The plugin will need to be registered, which will add the Plugin to the registry
and allow it to be used. The format is as follows, with `print-fns` being the
plugin name that is used later to call the plugin and `Print Function names`
being the description:
```cpp
static FrontendPluginRegistry::Add<PrintFunctionNamesAction> X(
    "print-fns", "Print Function names");
```

## Loading and Running a Plugin
In order to use plugins, there are 2 command line options made available to the
frontend driver, `flang-new -fc1`:
* [`-load <dsopath>`](#the--load-dsopath-option) for loading the dynamic shared
  object of the plugin
* [`-plugin <name>`](#the--plugin-name-option) for calling the registered plugin

Invocation of the example plugin is done through:
```bash
flang-new -fc1 -load flangPrintFunctionNames.so -plugin print-fns file.f90
```

Both these options are parsed in `flang/lib/Frontend/CompilerInvocation.cpp` and
fulfil their actions in
`flang/lib/FrontendTool/ExecuteCompilerInvocation.cpp`

### The `-load <dsopath>` option
This loads the plugin shared object library, with the path given at `<dsopath>`,
using `LoadLibraryPermantly` from LLVM's `llvm::sys::DynamicLibrary`, which
itself uses `dlopen`. During this stage, the plugin is registered with the
registration line from the plugin, storing the name and description.
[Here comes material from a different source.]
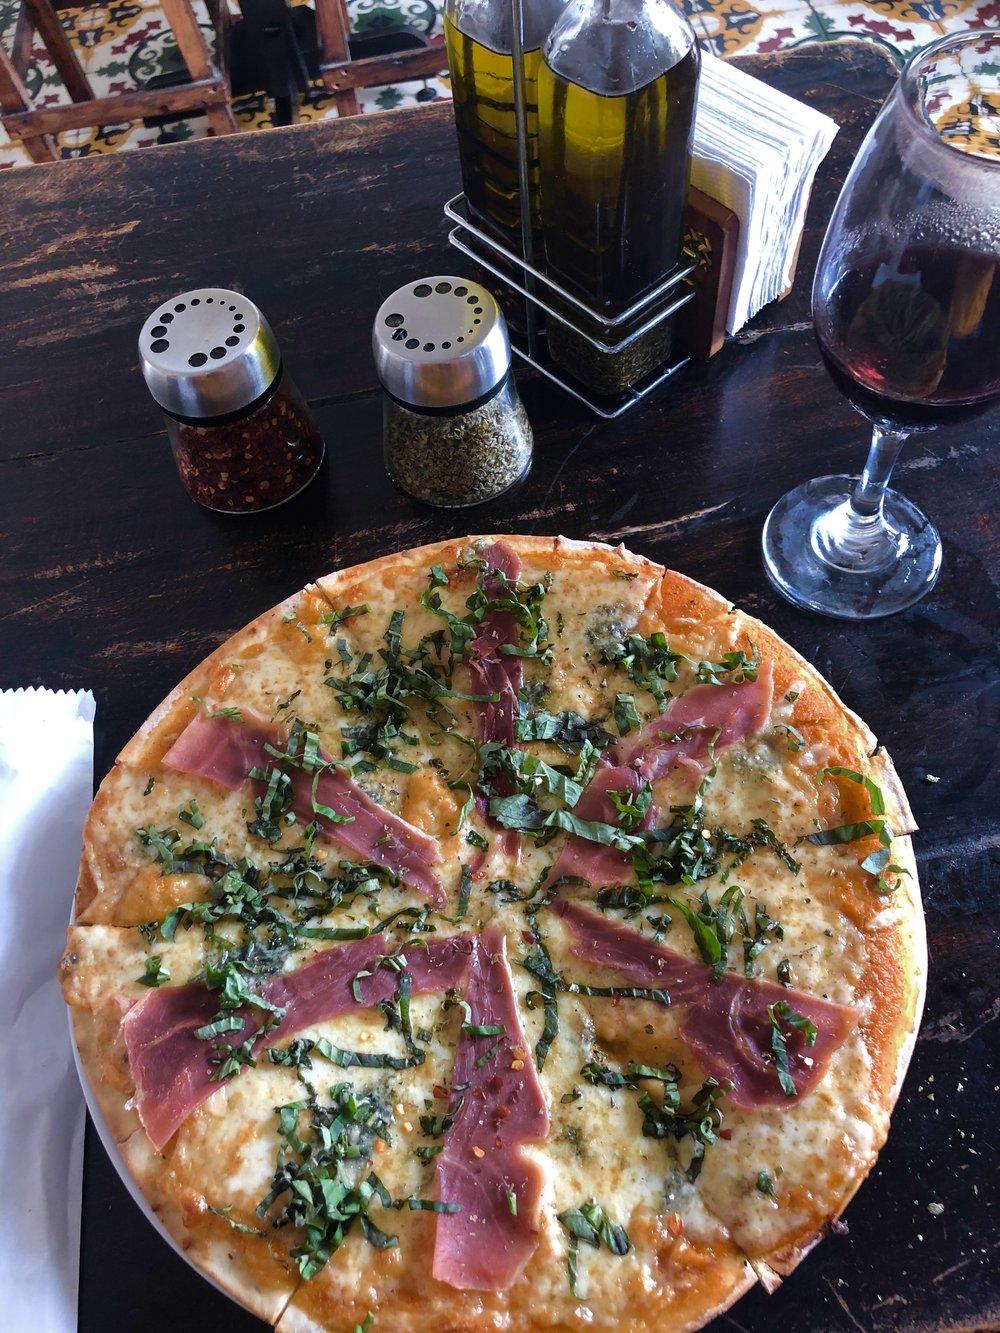 This gorgonzola pizza though >>>>>>

### The `-plugin <name>` option
This sets `frontend::ActionKind programAction` in `FrontendOptions` to
`PluginAction`, through which it searches the plugin registry for the plugin
name from `<name>`. If found, it returns the instantiated plugin, otherwise it
reports an error diagnostic and returns `nullptr`.

## Enabling In-Tree Plugins
For in-tree plugins, there is the CMake flag `FLANG_PLUGIN_SUPPORT`, enabled by
default, that controls the exporting of executable symbols from `flang-new`,
which plugins need access to. Additionally, there is the CMake flag
`FLANG_BUILD_EXAMPLES`, turned off by default, that is used to control if the
example programs are built. This includes plugins that are in the
`flang/example` directory and added as a `sub_directory` to the
`flang/examples/CMakeLists.txt`, for example, the `PrintFlangFunctionNames`
plugin. It is also possible to develop plugins out-of-tree.